**Exercise prompt:**
Among the lines of the listing below, retype exactly those from the one containing "Asbestsachkundelehrgang_2008_04_24" through the one containing "LEONARDO MARTELLI - MENTI SINGOLE", both included. Do not include pictures.

**Supplied material:**
★ ★ ★ ★ ★

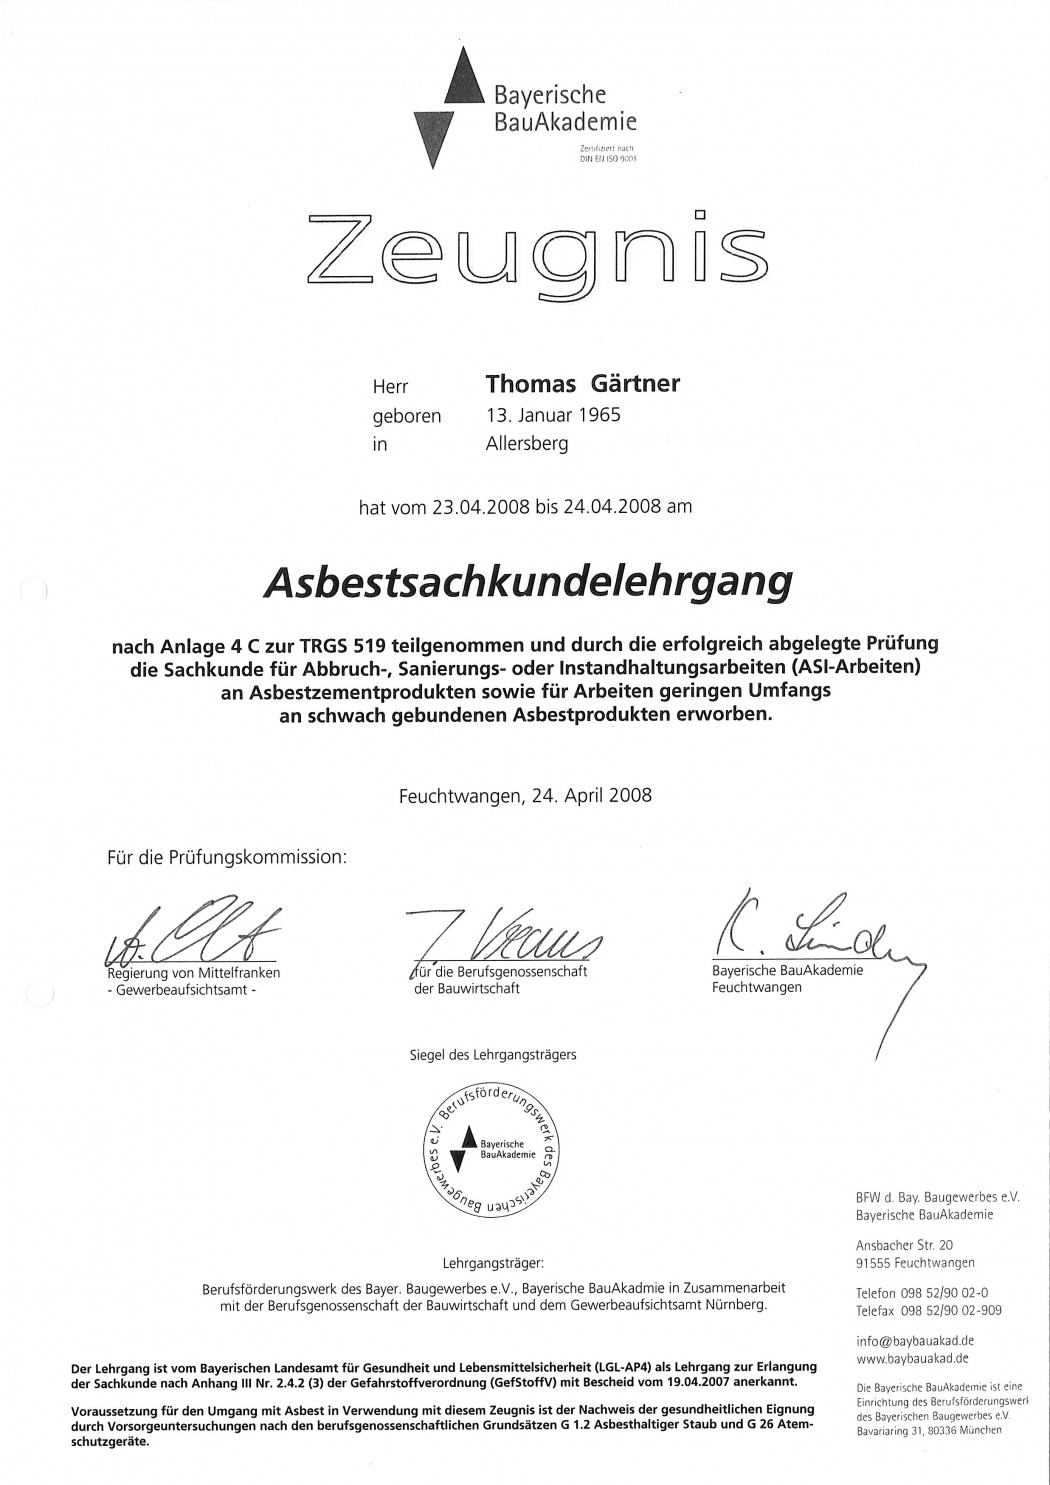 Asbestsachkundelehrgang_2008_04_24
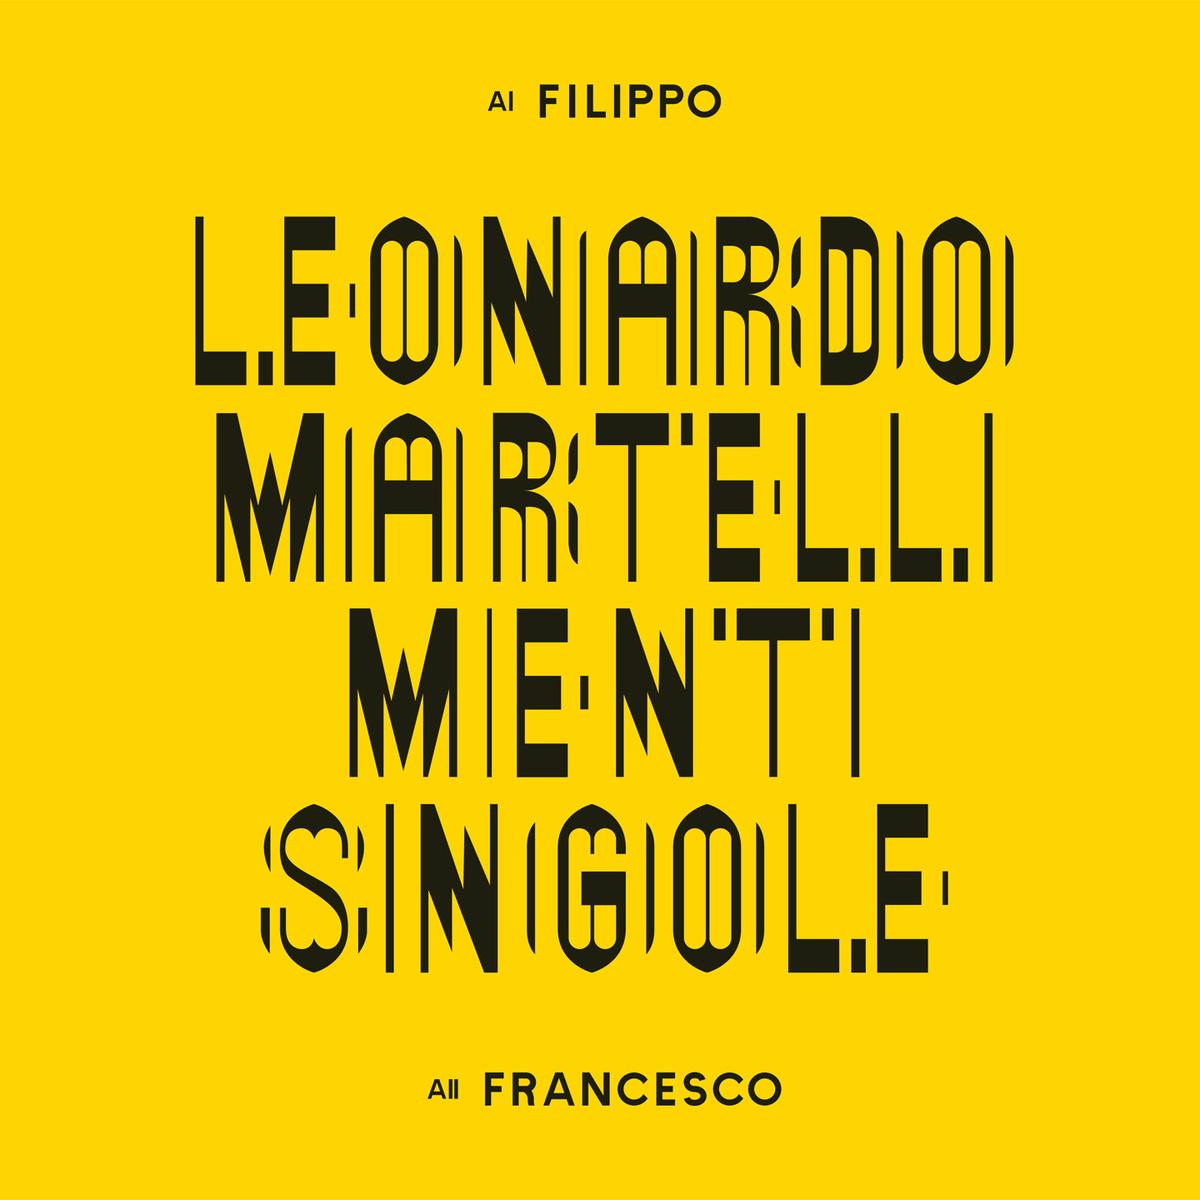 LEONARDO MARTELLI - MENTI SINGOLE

★ ★ ★ ★ ★

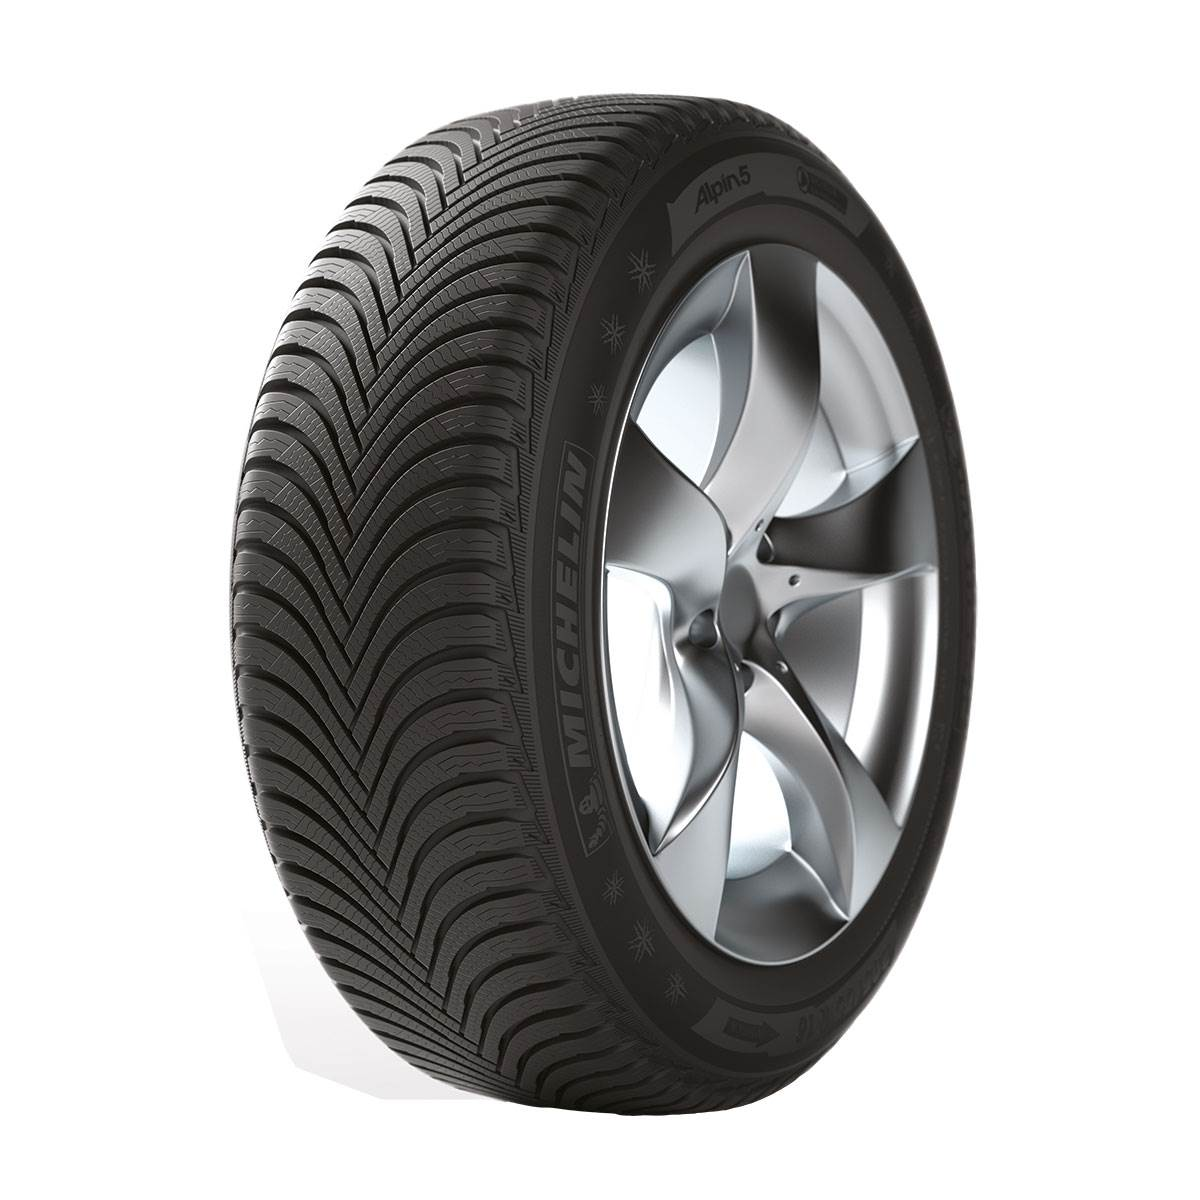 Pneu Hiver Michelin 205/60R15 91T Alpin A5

★ ★ ★ ★ ★

**Response box:**
 Asbestsachkundelehrgang_2008_04_24
 LEONARDO MARTELLI - MENTI SINGOLE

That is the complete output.